Closed adrienchaton closed 2 years ago
Hi @adrienchaton these are valid concerns for sure. The models were trained in AMP, so I guess you can safely inference them in fp32 or amp modes. As for fp16, one of the numerically unstable parts are rotary embeddings, probably you can force them in fp32 and compare the outputs if you want to keep precision while benefiting in speed.
I see, thank you for the details @nikitos9000 For now I am sticking to fp32 inference but I will report if I do more experiments on fp16 inference.
Small correction - we train with --fp16
which implements "Mixed Precision" described by Nvidia in 2017. In short
Automatic Mixed Precision or AMP is different in that the unstable parts of forward()
are done in fp32.
So given that info, fp16 should be fine since that's how the LMs were trained. However there are some reports here in the issues of larger-than-expected numerical instability in fp16. But
residue embeddings are not allclose, i.e. there is an average absolute difference of around 1e-3 or 1e-4.
That seems like a pretty reasonable numerical error due to fp16. The real litmus test would be if downstream performance is impacted.
Thanks @tomsercu for the details, I see the difference between training pure FP16 and mixed precision (usually e.g. batch norm is kept in FP32).
I agree it is hard to quantify the effect of these numerical deltas and that if they cannot be put down to close to 0 , the only test is downstream performance ...
Hi ESM team
Thanks for open-sourcing the ESM2 models, this is great work !
I have seen the reply to this issue https://github.com/facebookresearch/esm/issues/259#issuecomment-1225456012, yet I would like to discuss further if possible please. Half-precision is very tempting for inference as the models grow, to speed-up computation and save-up memory. And I am walking on slippery ground here so please correct me where I am wrong.
If the models have been trained in mixed or half precision (e.g. with Apex), I would imagine it could be possible to use them for inference both in fp32 and fp16. Whereas if they were trained in fp32 I would imagine we may potentially loose accuracy if doing inference in fp16. Of course these are just suppositions.
Now, by default checkpoints are loaded in fp32. If then I cast models with .half() and set input tokens as torch.int32, I observe that predicted logits or output residue embeddings are not allclose, i.e. there is an average absolute difference of around 1e-3 or 1e-4.
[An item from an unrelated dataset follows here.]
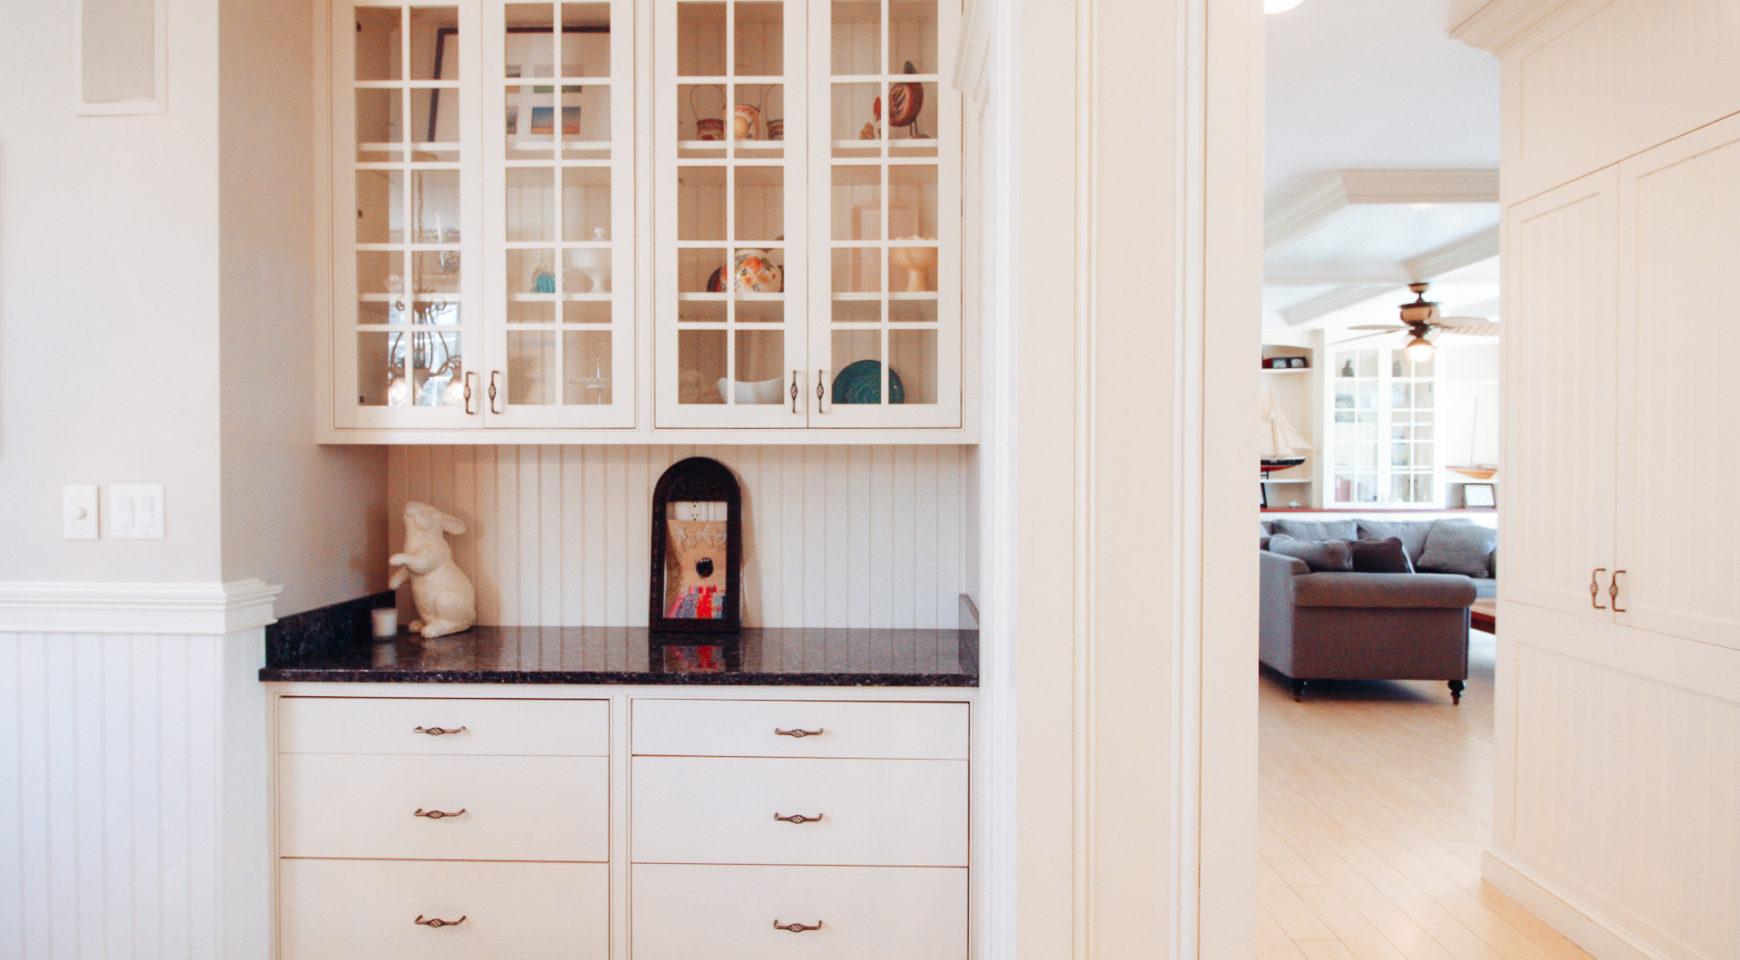 Luxe_and_Livable_Interior_Design_Blog_by_Maloney_Interiors_Newport_Rhode_Island_Fitzpatrick_Team_Remax_06.jpg

What should we trust more ? FP16 or FP32 ? Regarding embedding values, this is quite hard to judge what impact would this difference have for e.g. transfer learning. For logit values, I guess stuffs like zero-shot scoring would not be affected much by half precision but still, I wonder if this gap could be reduced. I.e. is there a better way to run inference in half precision that the basic casting I have described ?
Thanks for your hints !